Two More for the Glossary: The Remnant & Agent Provocateur

Agent Provocateur
An agent provocateur (French for “inciting agent”) is a person who commits, or who acts to entice another person to commit an illegal or rash act or falsely implicate them in partaking in an illegal act. An agent provocateur may be acting out of his own sense of duty or may be employed by the police or other entity to discredit or harm another group (e.g. a peaceful protest or demonstration) by provoking them to commit a crime – thus, undermining the protest or demonstration as a whole.
The Remnant
In the short, sublime 1935 work Our Enemy the State, Albert Jay Nock quotes Jose Ortega y Gasset on where the path we are on will inevitably lead us:

…society will have to live for the State, man for the governmental machine. And as after all it is only a machine whose existence and maintenance depend on the vital support around it, the State, after sucking out the very marrow of society, will be left bloodless, a skeleton, dead with that rusty death of machinery, more gruesome than the death of a living organism.

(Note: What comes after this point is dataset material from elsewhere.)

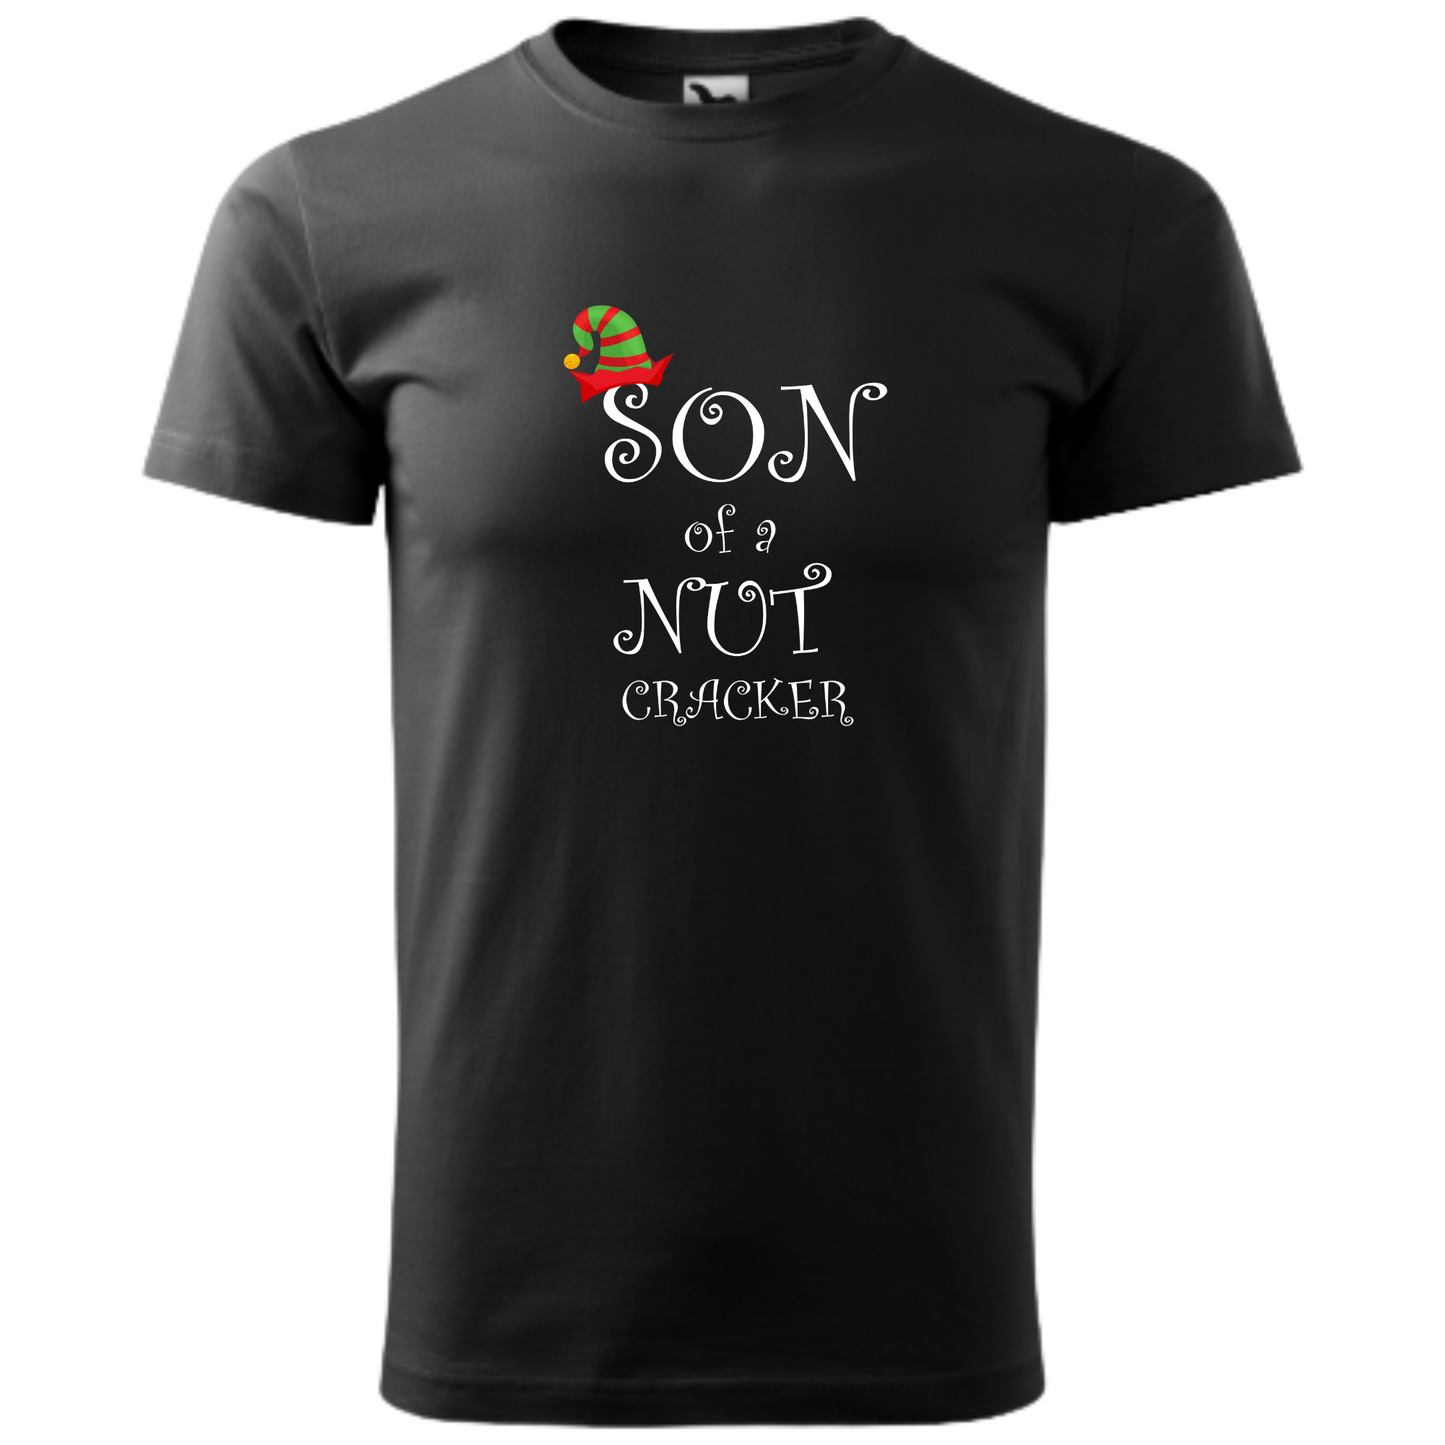 Tricou personalizat Craciun cu mesajul Son of a Nut Cracker
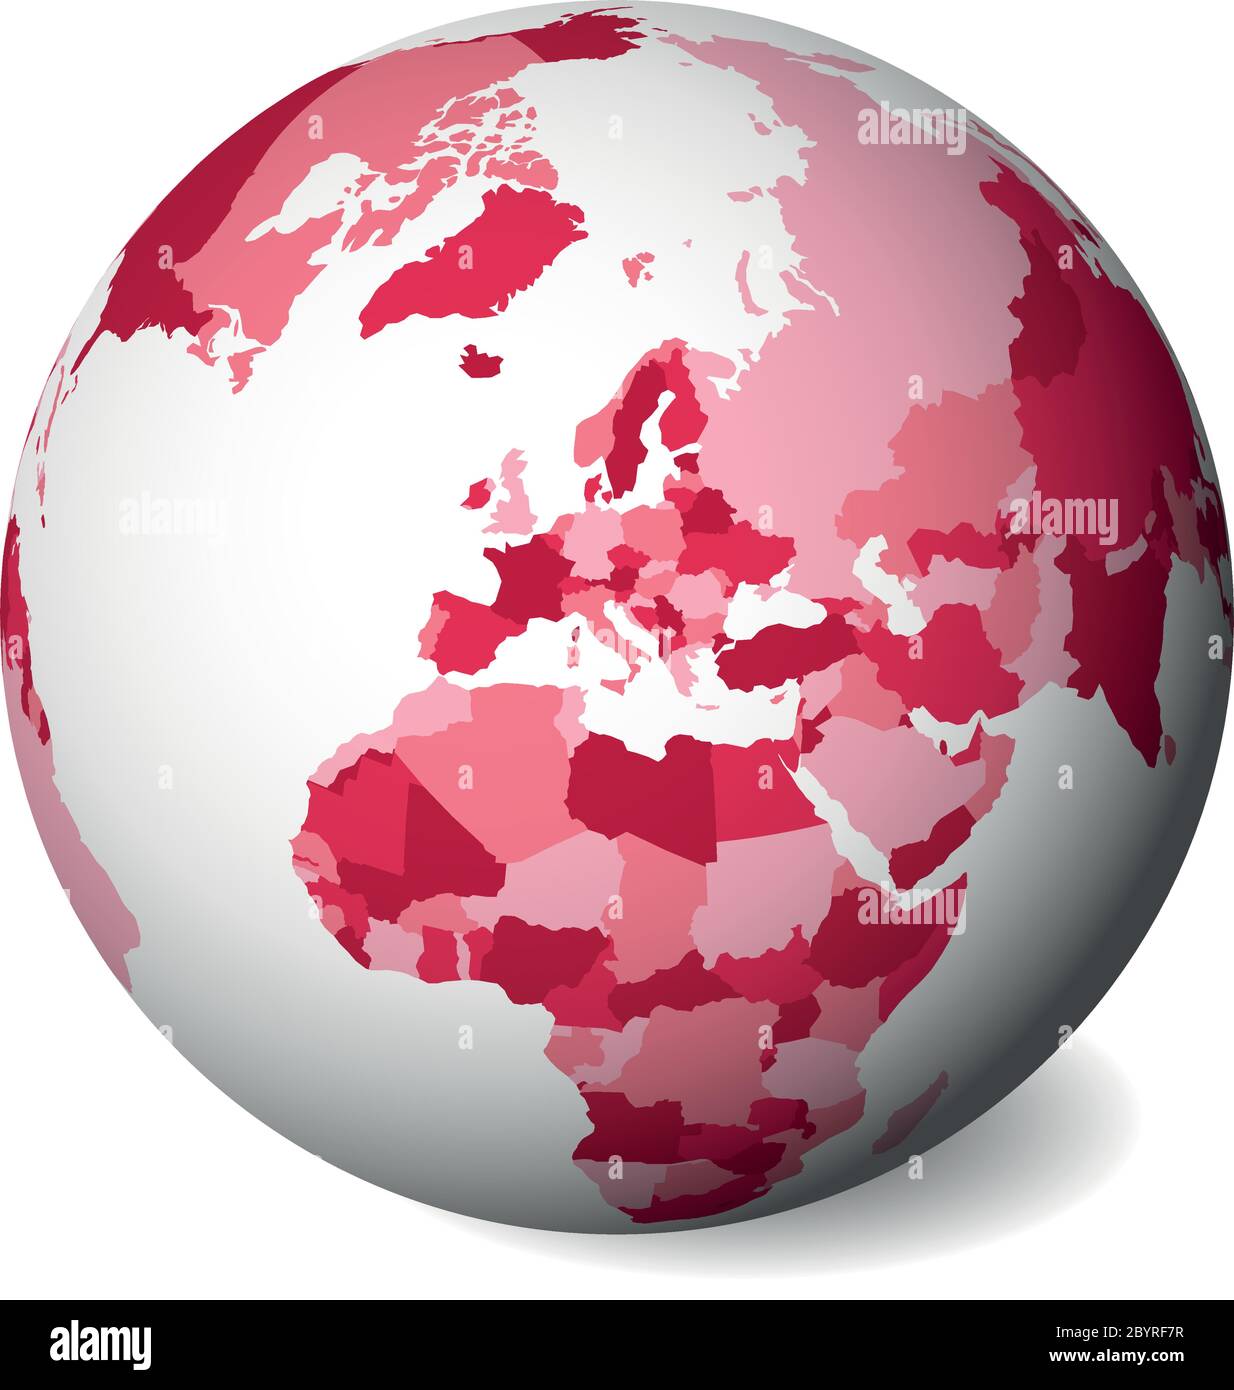 Carta politica vuota dell'Europa. Globo terrestre 3D con mappa rosa. Illustrazione vettoriale. Illustrazione Vettoriale

Such was the lamentable fate of ancient civilization.

But even with this future ahead of us, Nock recognizes that there is always a small segment of society, “the remnant,” whom he describes as follows:

…in every civilization, however generally prosaic, however addicted to the short-time point of view on human affairs, there are always certain alien spirits who, while outwardly conforming to the requirements of the civilization around them, still keep a disinterested regard for the plain intelligible law of things, irrespective of any practical end.

I would add only that in addition to keeping a “disinterested regard for the plain intelligible law of things,” the remnant must keep this law known and available for when it is needed for the foundation of a new society–perhaps, at last, a free and just one.